A month after Derby Day – when the glamorous side of Kentucky life had its annual turn on the media stage – TV watchers have been caught up recently in a less savory serving of regional lore. The Associated Press reports the History Channel’s “Hatfields & McCoys” miniseries made some Nielsen’s ratings history, becoming the top-rated entertainment broadcast ever on advertising-supported basic cable. Viewer interest in the series peaked on the final night last Wednesday when 14.3 million tuned in.
The numbers underline that “Hatfields & McCoys,” about a family feud in the 19th century, remains a story of universal appeal. This sprawling drama begins in the Civil War when “Devil Anse” Hatfield (Kevin Costner) and Randall McCoy (Bill Paxton) part ways in a disagreement over military honor. Hatfield heads home, convinced the Confederacy is finished, while McCoy stays on to fight it out. Both eventually get back safely and Hatfield finds success as a timber baron in West Virginia. The two are family patriarchs on opposite sides of the coming feud – supposedly brought to a head by allegations that a Hatfield stole a McCoy pig.
In the spirit of the Shakespearean unpleasantries between the Capulets and Montagues, the story has its star-crossed Romeo – Anse’s son Johnse Hatfield – and its Juliet, Randall’s daughter Roseanna McCoy. The pair fall desperately in love but their fathers forbid them to marry. Alas, the affair ends tragically.

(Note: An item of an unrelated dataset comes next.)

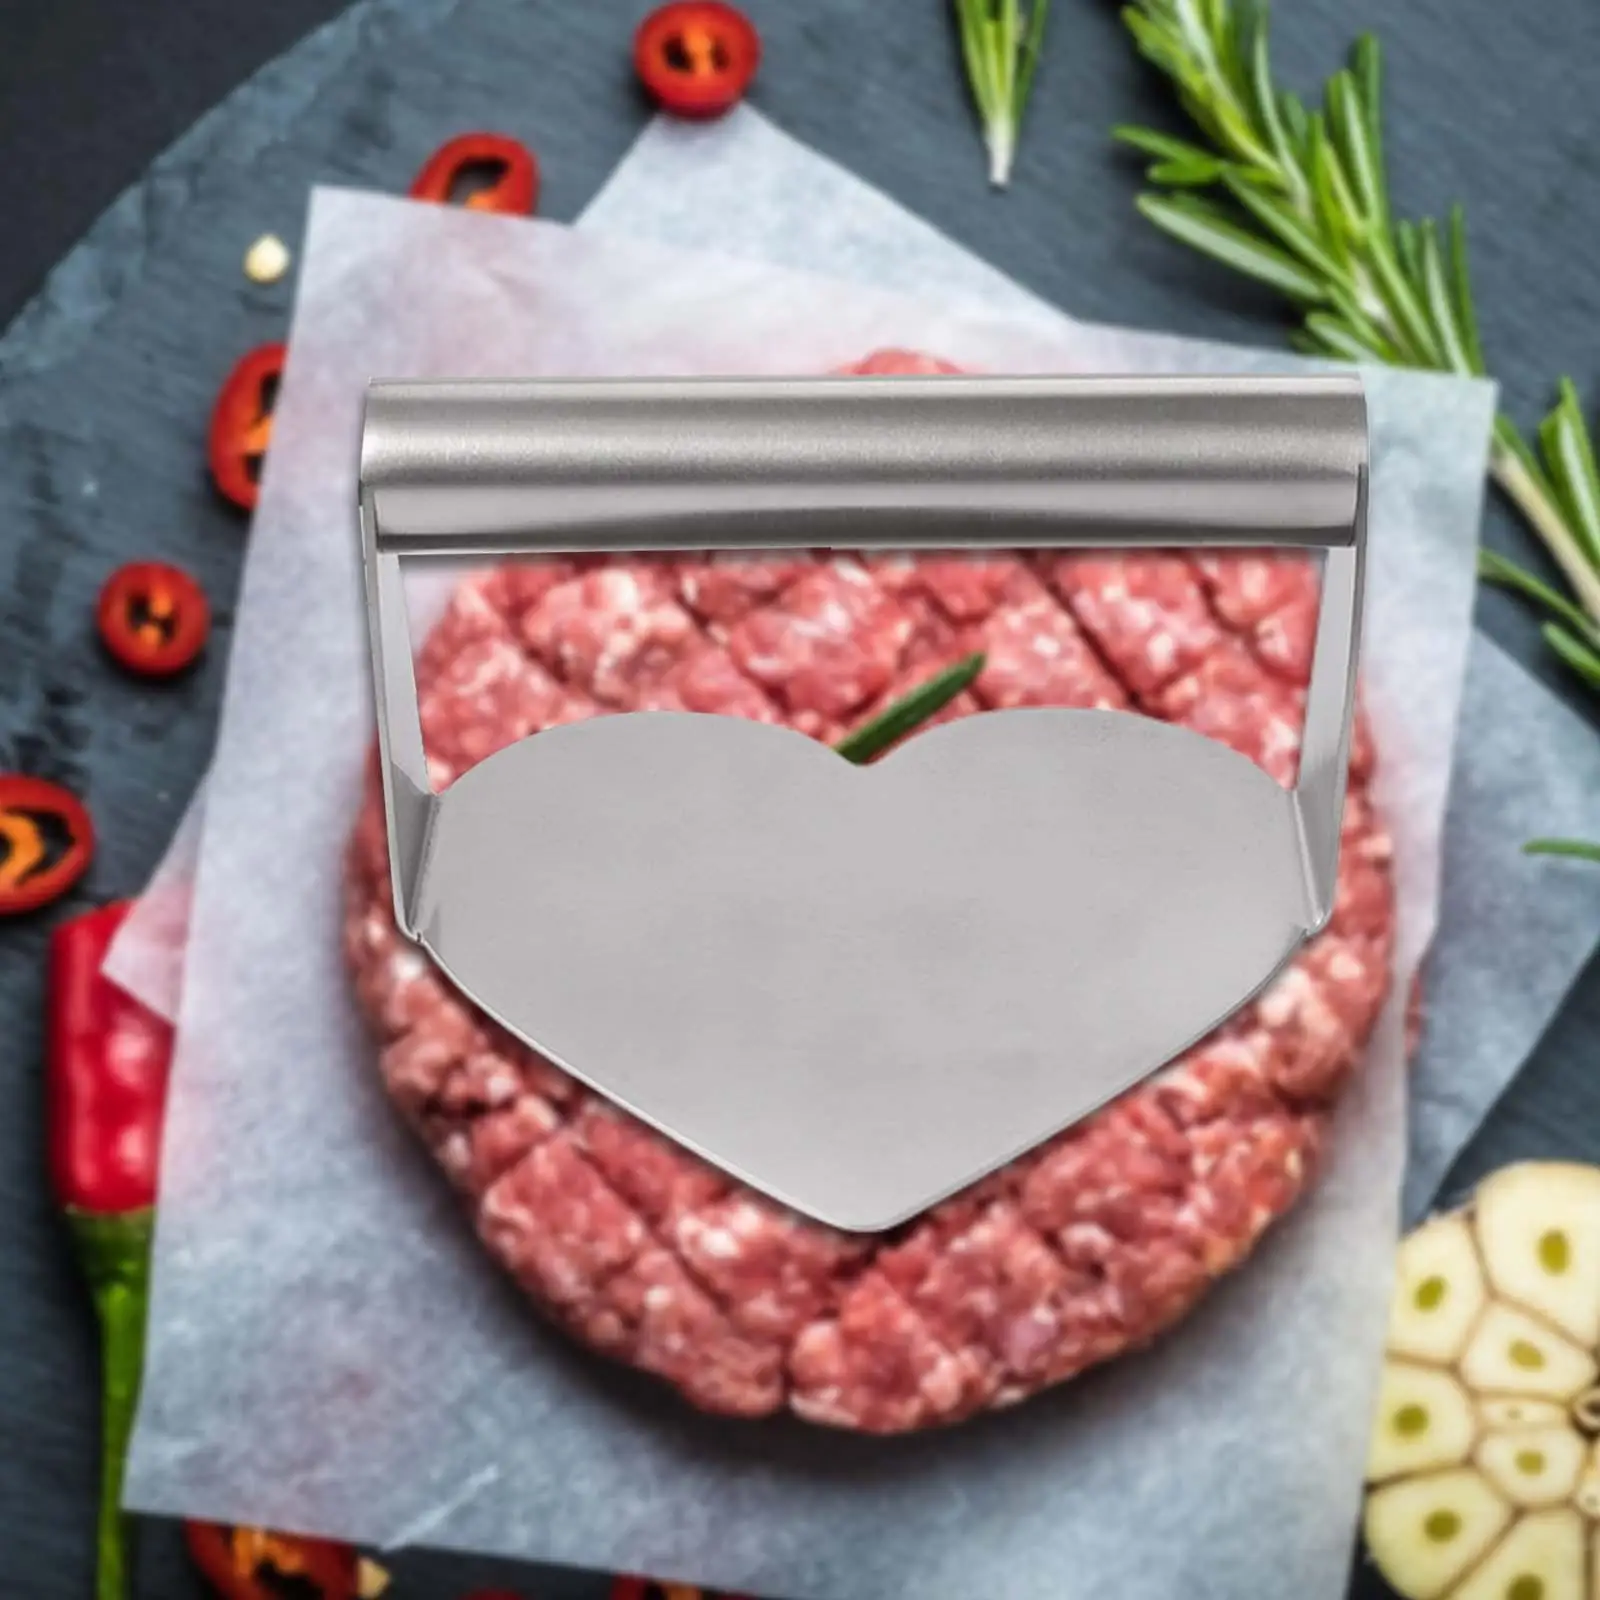 Heavy Duty Burger Press Heart Shaped Grill Press for Panini Tortilla Professional and Home Cooking Flattops Outdoor Grill
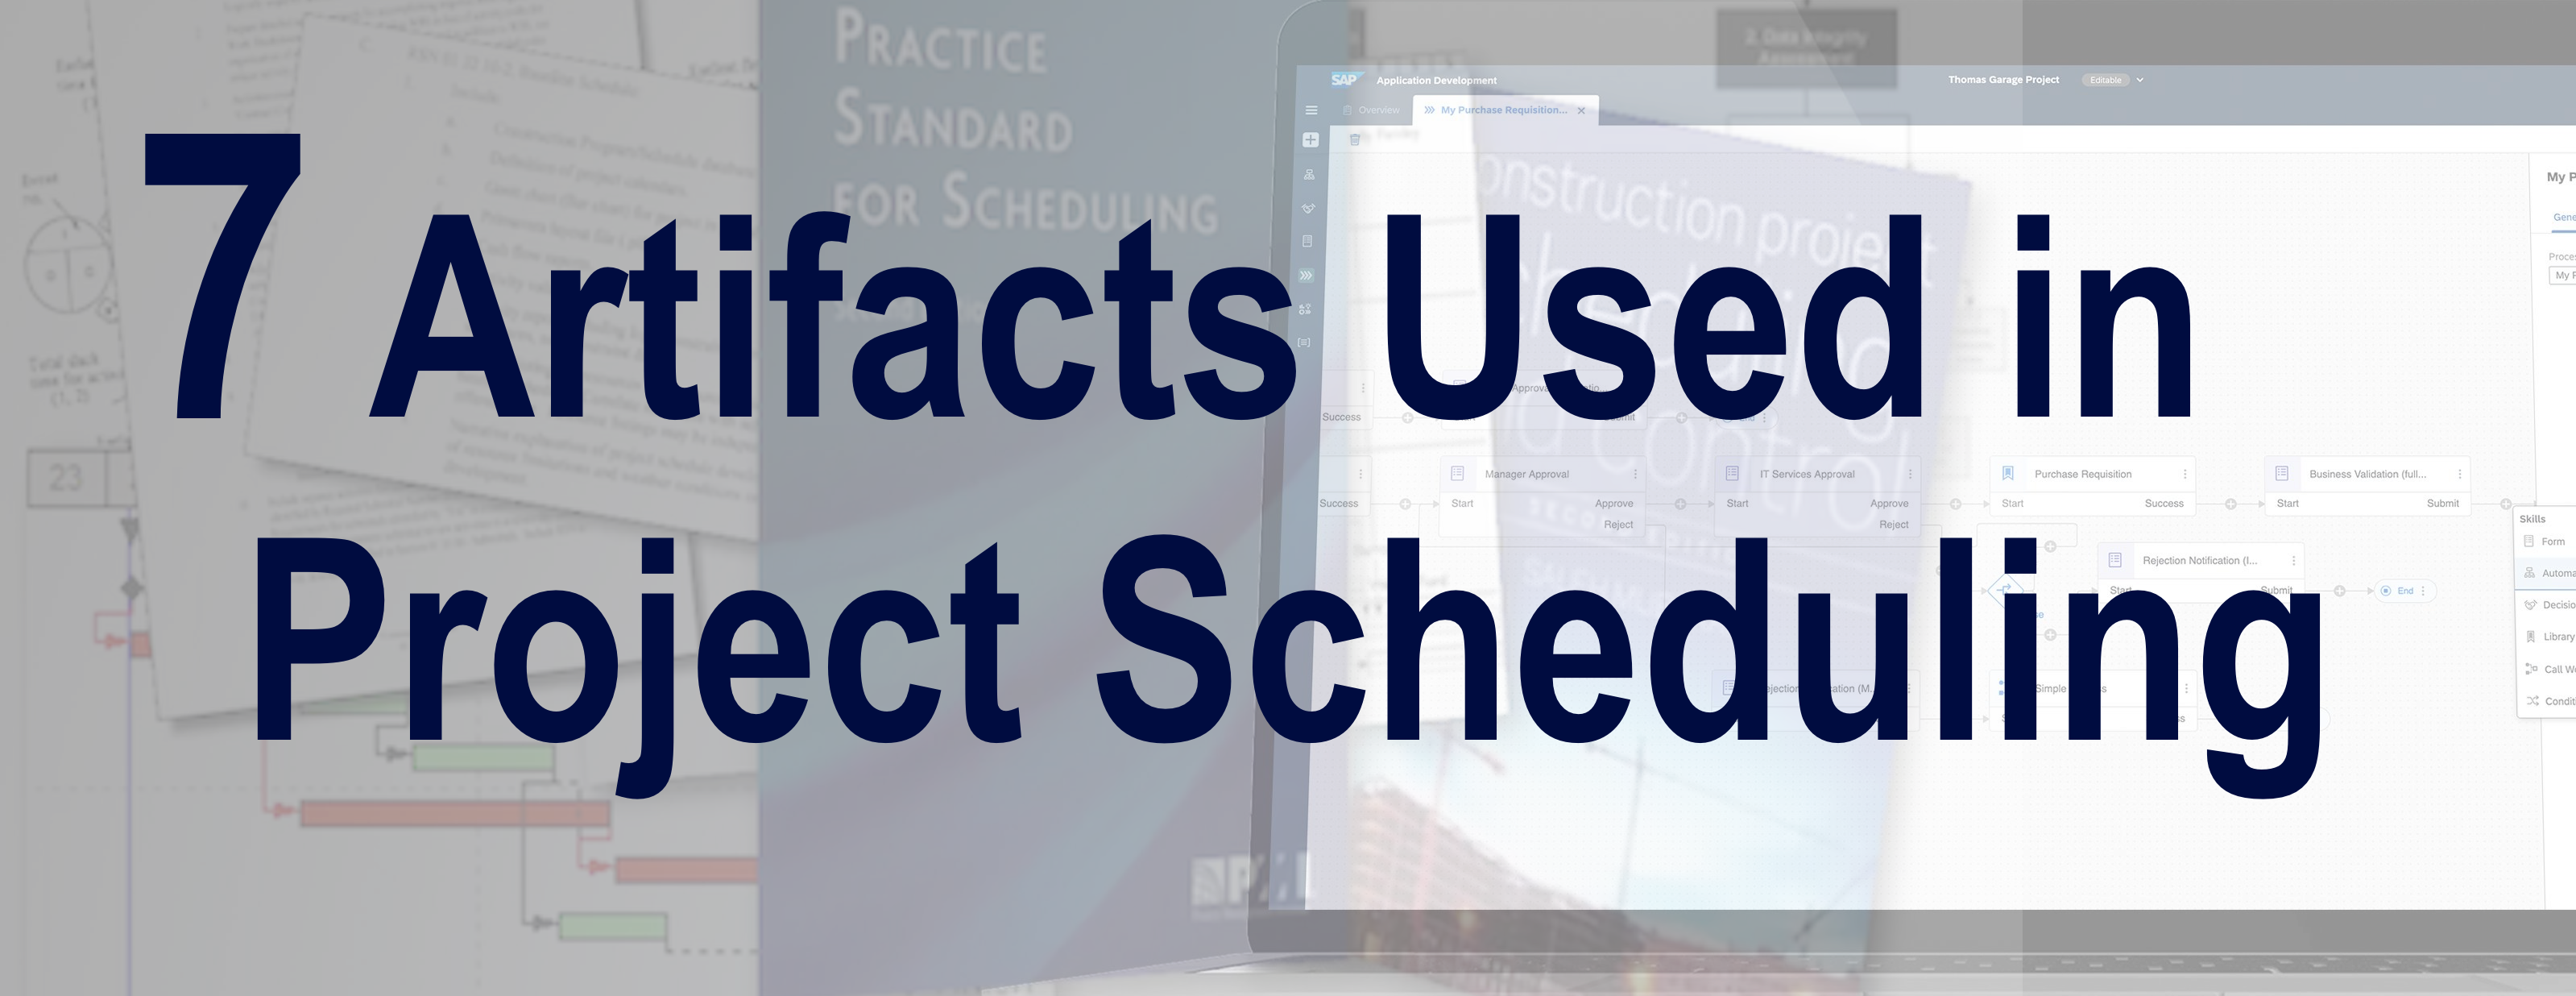 7 Artifacts Used in Project Scheduling

The series is packed with stereotypes both Kentucky and West Virginia try to live down – a veritable army of illiterate, dirt-poor hillbillies swilling moonshine from backwoods stills, quick to anger over trivial matters and just as quick to drop to their knees and beg forgiveness from the almighty afterwards. Most are cartoonish, but Anse, Randall and Wall Hatfield (Powers Boothe), a hanging judge who suspends the necktie parties when it suits his purposes, are more fully drawn. Randall, a church-going man, confesses to doubts at one point that a truly loving God would permit atrocities such as those committed by the two warring clans. Anse, no country simpleton, outsmarts a Louisville lawyer he suspects of trying to cheat him on a real estate deal and ends up settling for timber rights to the shyster’s 5,000 acres of inherited land. The subsequent lumbering campaign foreshadows Appalachian strip-mining of the present day. But Anse’s crews are armed with whipsaws, not chainsaws. Mountaintop removal was still more than a century away.
It’s Randall who sticks to his guns in the feud – just as he did during the Civil War – while Anse eventually sickens of the killing and declares peace on behalf of his decimated family.
One disappointment is that the series was produced not in Kentucky and West Virginia, but thousands of miles away in Romania. You’d think that the film offices of two of America’s poorest states would have been salivating over the prospect of a business deal even though the region was portrayed in an unflattering light, and perhaps they were interested. It apparently came down to money – according to news reports it was simply cheaper to do the job abroad. Maybe the moguls got the wrong idea from all those productions about rich horse people.